# Dataset extract:
----------

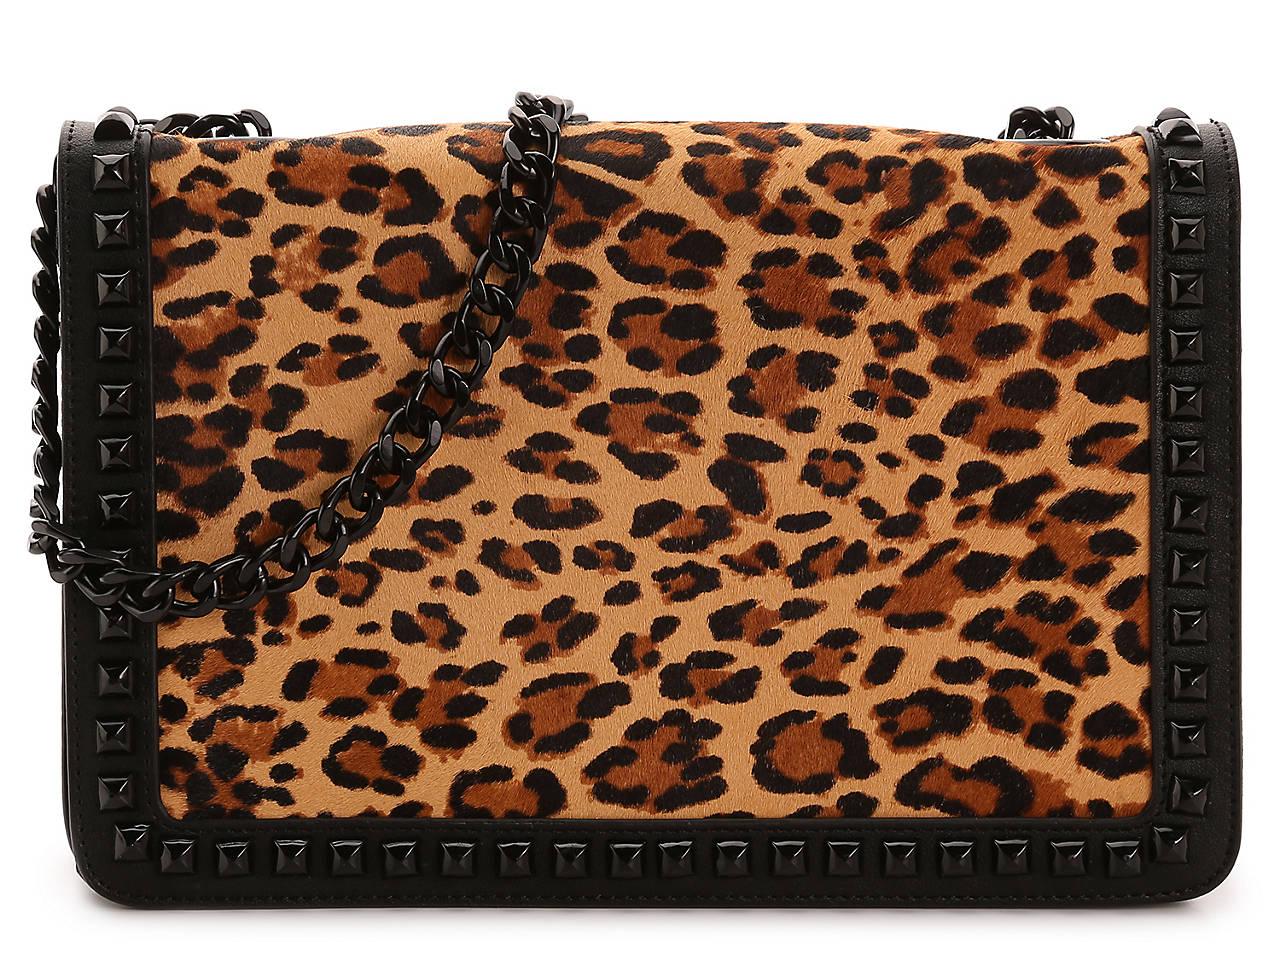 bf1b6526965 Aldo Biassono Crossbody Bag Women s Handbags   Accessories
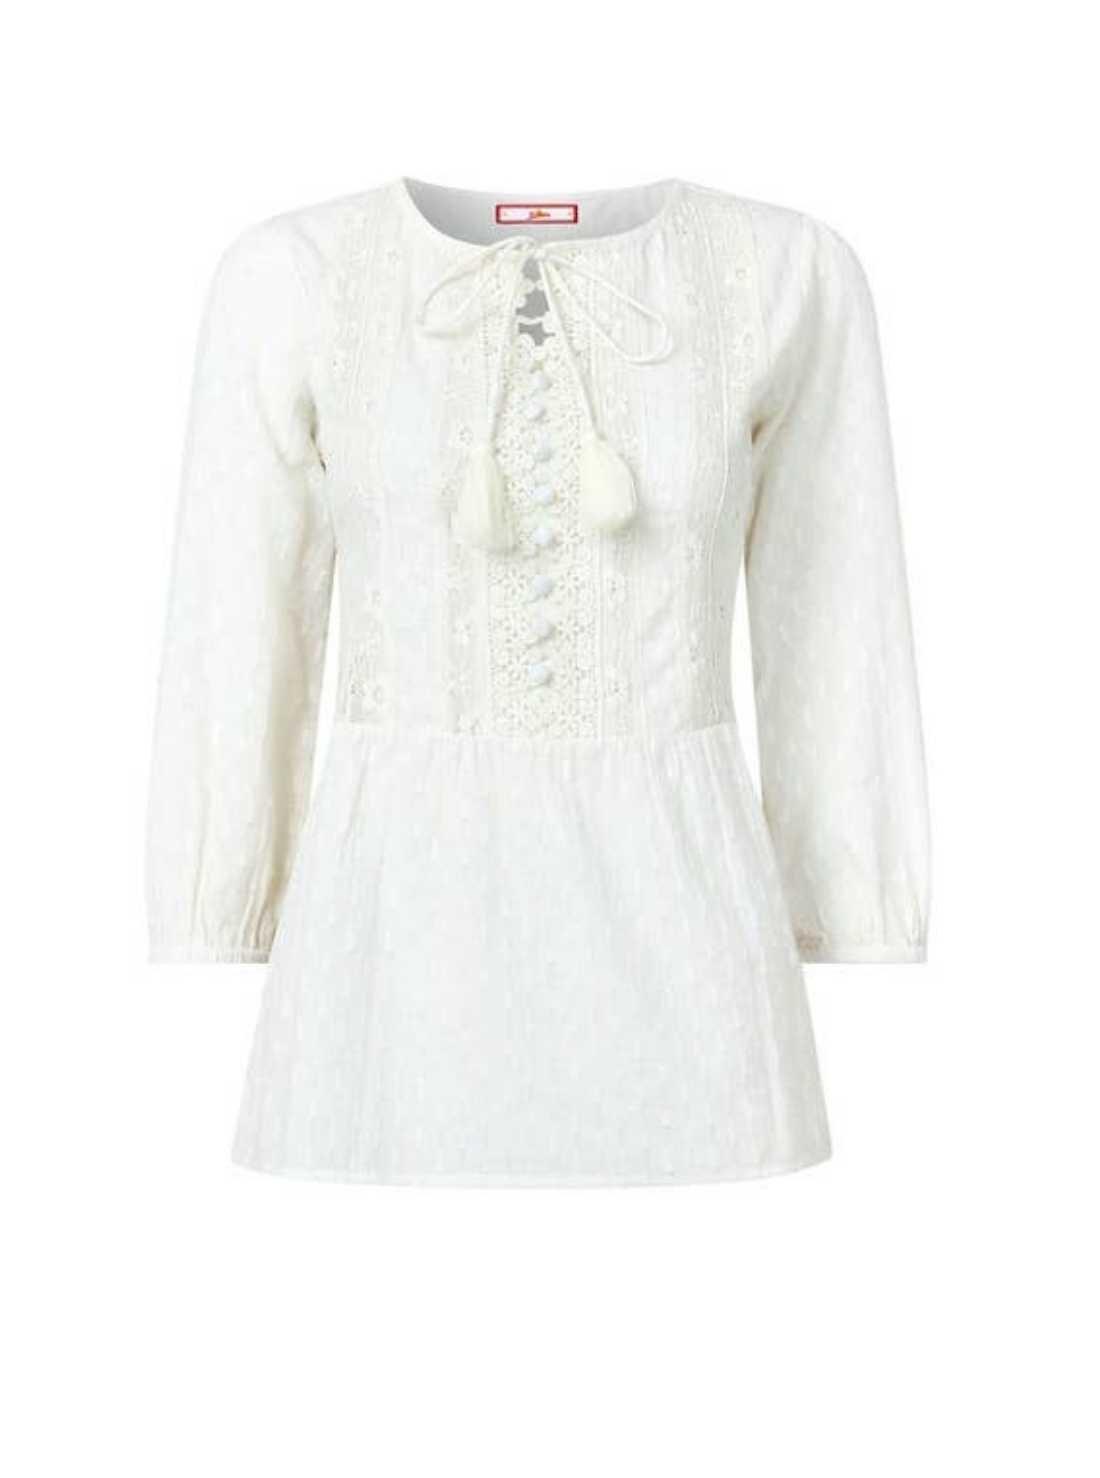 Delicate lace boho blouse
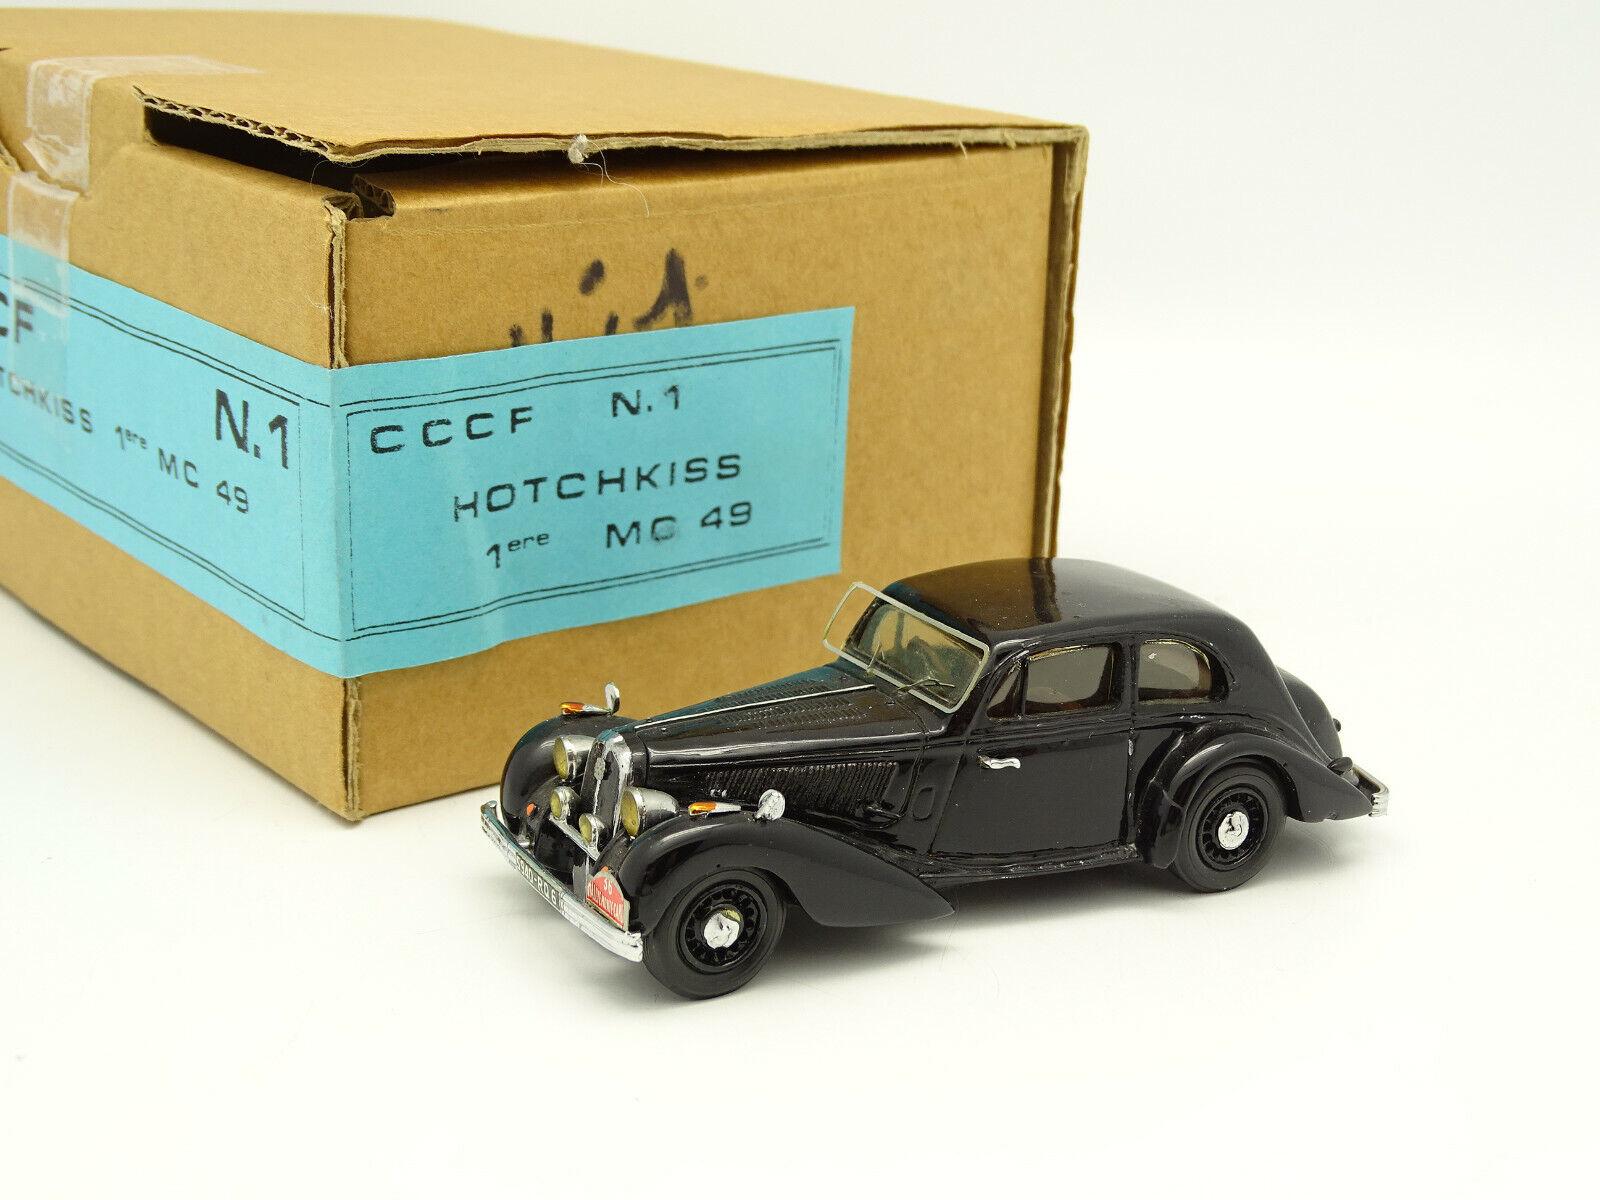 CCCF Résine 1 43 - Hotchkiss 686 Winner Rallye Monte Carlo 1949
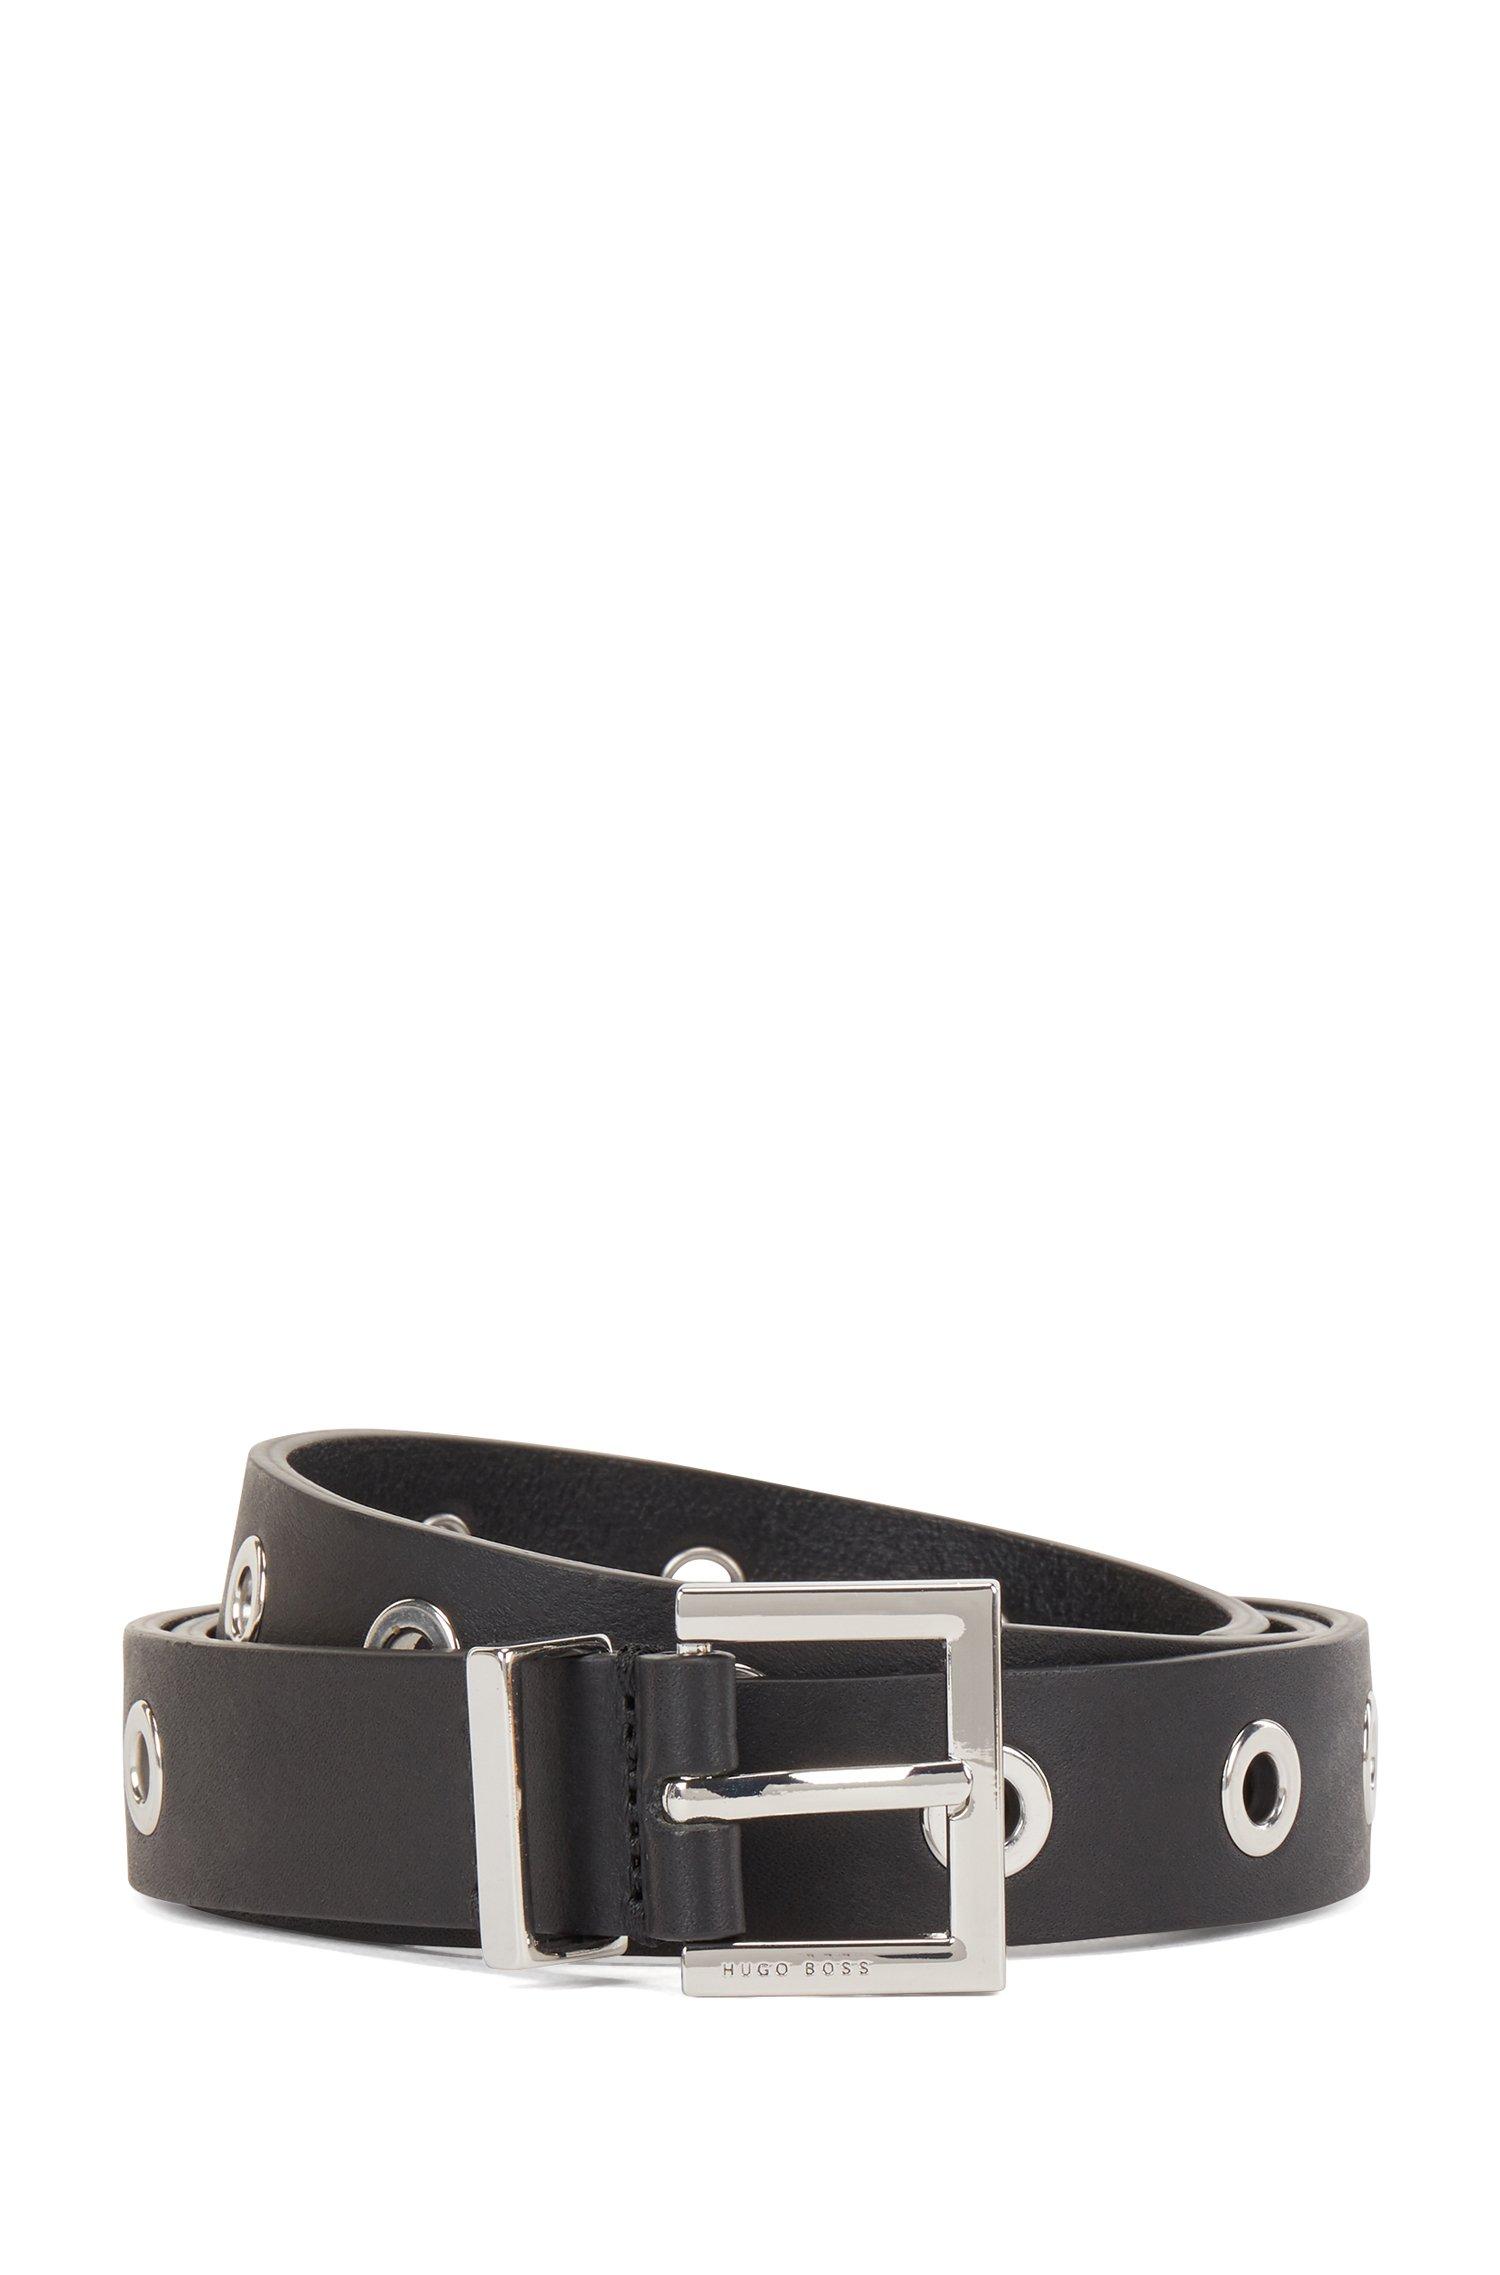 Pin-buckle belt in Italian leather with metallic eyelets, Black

----------

# Exercise:
Copy word for word every line from the one holding "Delicate lace boho blouse" to the end of the listing, both ends included, but do not copy any pictures.

# Written response:
 Delicate lace boho blouse
 CCCF Résine 1 43 - Hotchkiss 686 Winner Rallye Monte Carlo 1949
 Pin-buckle belt in Italian leather with metallic eyelets, Black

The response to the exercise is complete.